Greg has since, locked the LaTeX typesetting thread. It was recommended in the thread, to delete our work after getting our LaTeX formatted. But a lot of folks left their work posted. Actually after seeing some of the more exotic (1, 2, and 3 ) LaTeX posts, I am glad those were left. Greg recommends using this http://at.org/~cola/tex2img/index.php from now on, to practise typesetting.

 

[berkeman]

Greg has since, locked the LaTeX typesetting thread. It was recommended in the thread, to delete our work after getting our LaTeX formatted. But a lot of folks left their work posted. Actually after seeing some of the more exotic (1, 2, and 3 ) LaTeX posts, I am glad those were left. Greg recommends using this http://at.org/~cola/tex2img/index.php from now on, to practise typesetting.

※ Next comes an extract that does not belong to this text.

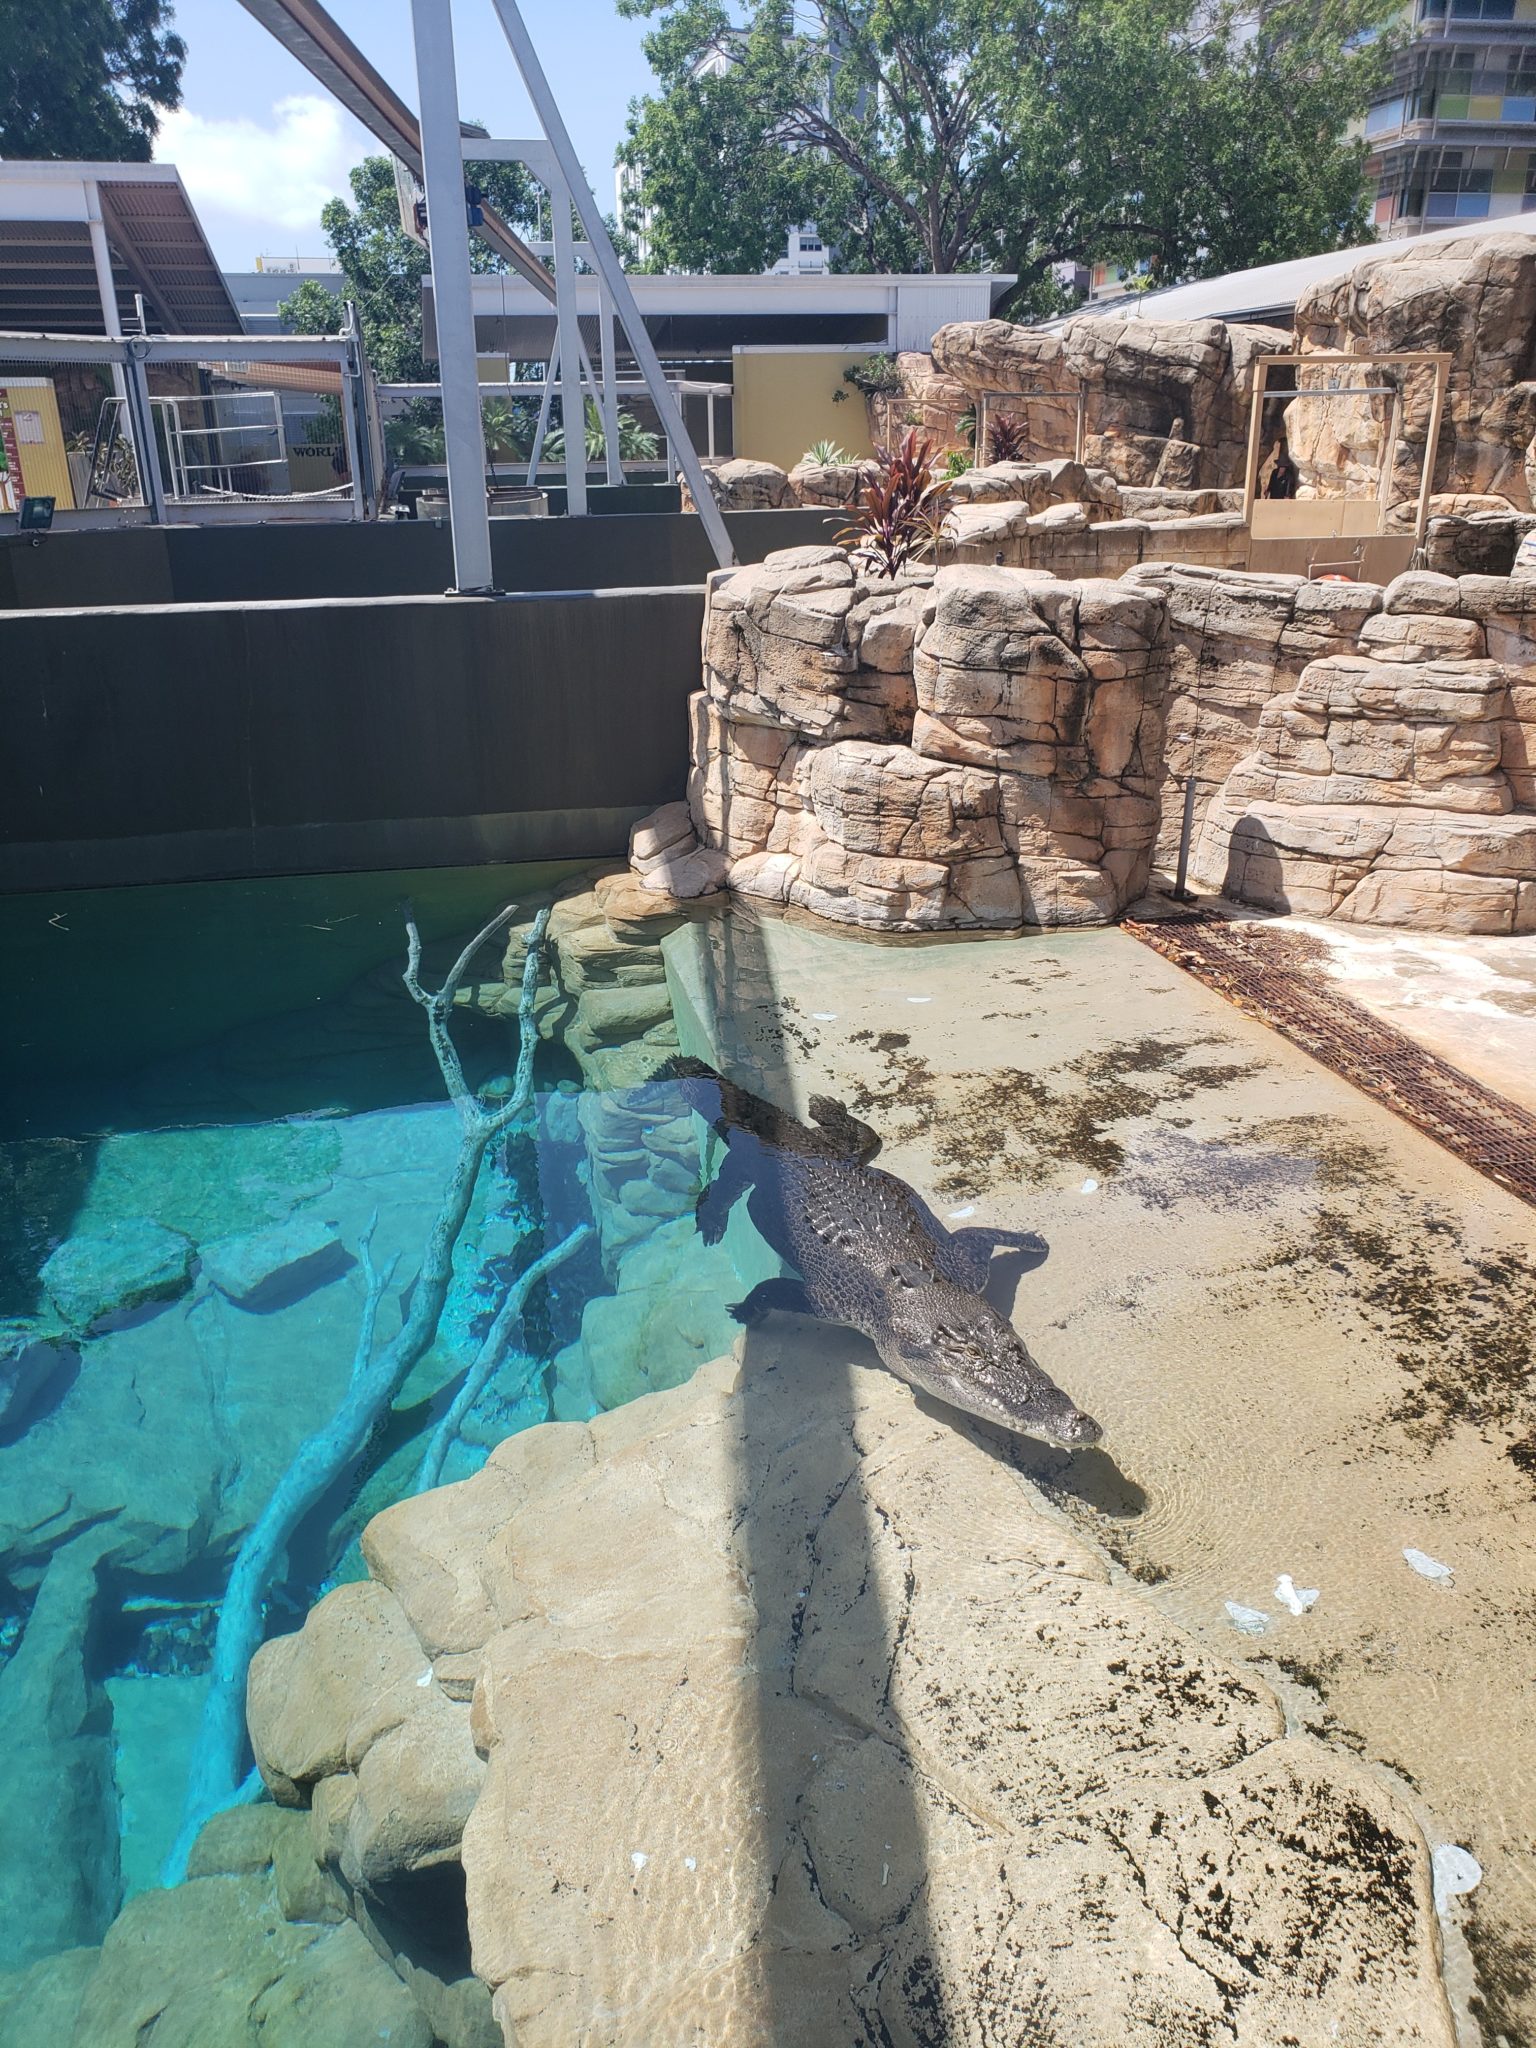 a crocodile in a pool

Hmmm. The converter didn't work for me. Gave me an error for this:

$$\gamma^2 = \pi R^2 \Xi$$

 

[cristo]

Hmmm. The converter didn't work for me. Gave me an error for this:

$$\gamma^2 = \pi R^2 \Xi$$

Did you tick the "math mode" box at the bottom left? It didn't work for me until i noticed that!

 

[berkeman]

Did you tick the "math mode" box at the bottom left? It didn't work for me until i noticed that!

Hah! That fixed it. Thanks cristo!

$$\gamma^2 = \pi R^2 \Xi$$